Some of the most basic tracking methods are MeanShift and CAMShift.

Let’s first describe the general MeanShift algorithm, then learn how to apply it for image tracking. Afterwards we will learn how to extend the MeanShift into CAMShift (Continuously Adaptive MeanShift)

Imagine we have a set of points and we wanted to assign them into clusters. We take all our data points and stack red and blue points on them. (You can’t see the red points underneath). The direction to the closest cluster centroid is determined by where most of the points nearby are at. So each iteration each blue point will move closer to where the most points are at, which is or will lead to the cluster center. The red and blue datapoints overlap completely in the first iteration before the Meanshift algorithm starts. At the end of iteration 1, all the blue points move towards the clusters. Here it appears there will be either 3 or 4 clusters. The bottom clusters have begun to reach convergence. MeanShift found 3 clusters by the third iteration. After subsequent iterations, the cluster means have stopped moving. All clusters have converged and there is no more movement.

It won’t always detect what may be more “reasonable”. It may have been more reasonable to detect 4 clusters in the previous situation. MeanShift can be given a target to track, calculate the color histogram of the target area, and then keep sliding the tracking window to the closest match (the cluster center).

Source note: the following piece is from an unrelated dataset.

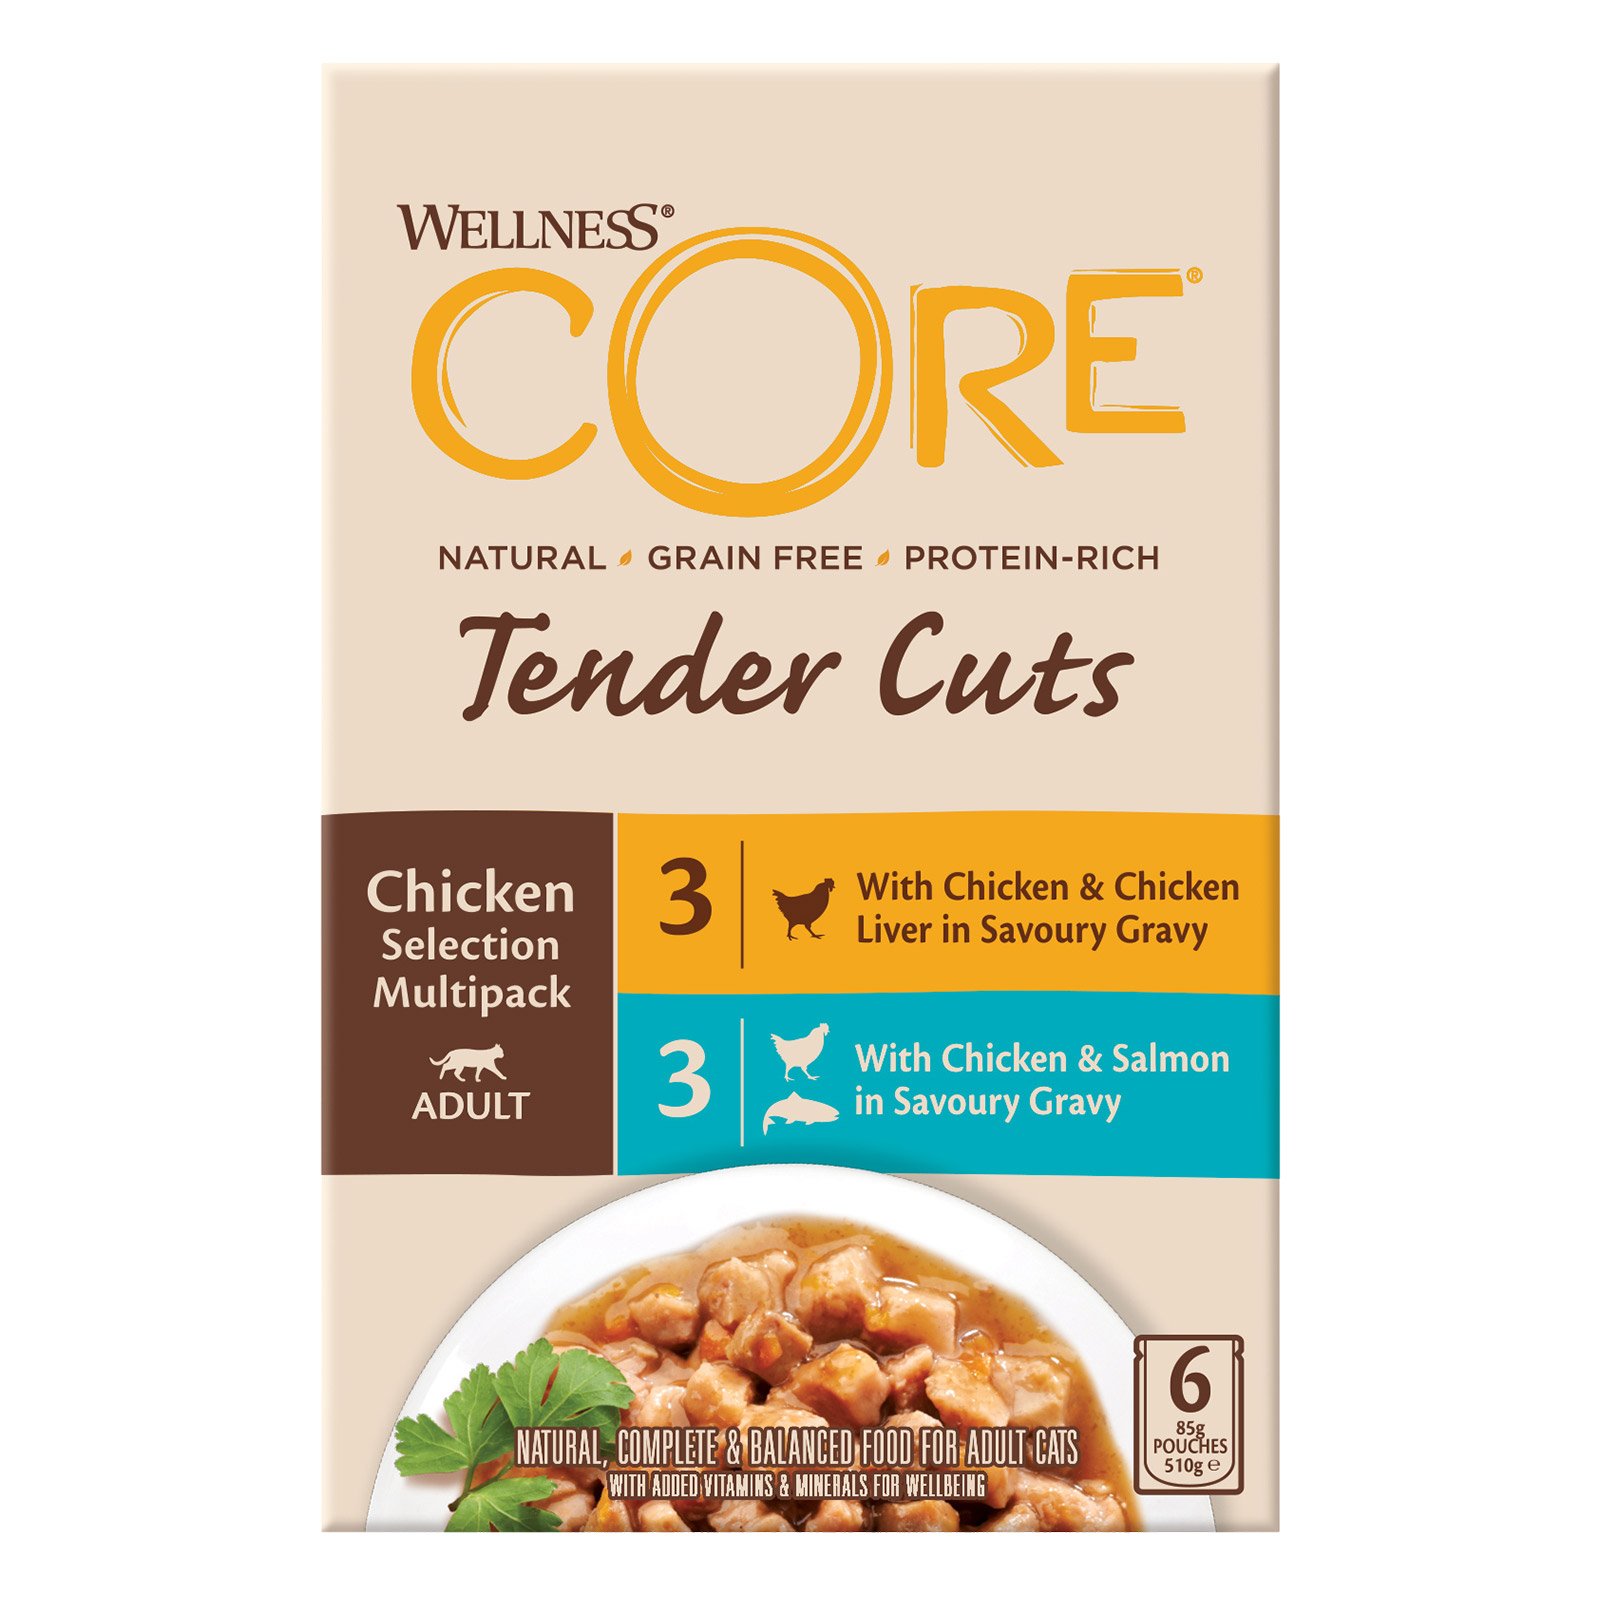 Wellness CORE Tender Cuts Chicken Selection Multipack

Just using MeanShift won’t change the window size if the target moves away or towards the camera. We can use CAMshift to update the size of the window.

In [None]:
import cv2
import numpy as np
import matplotlib.pyplot as plt
%matplotlib inline

In [None]:
cap = cv2.VideoCapture(0)

ret, frame = cap.read()

# FACE TRACKING
# object detection to grab the face location, treat it as a bunch of pixels and apply MeanShift tracking on that face
face_cascade = cv2.CascadeClassifier('../Computer-Vision-with-Python/DATA/haarcascades/haarcascade_frontalface_default.xml')
face_rects = face_cascade.detectMultiScale(frame)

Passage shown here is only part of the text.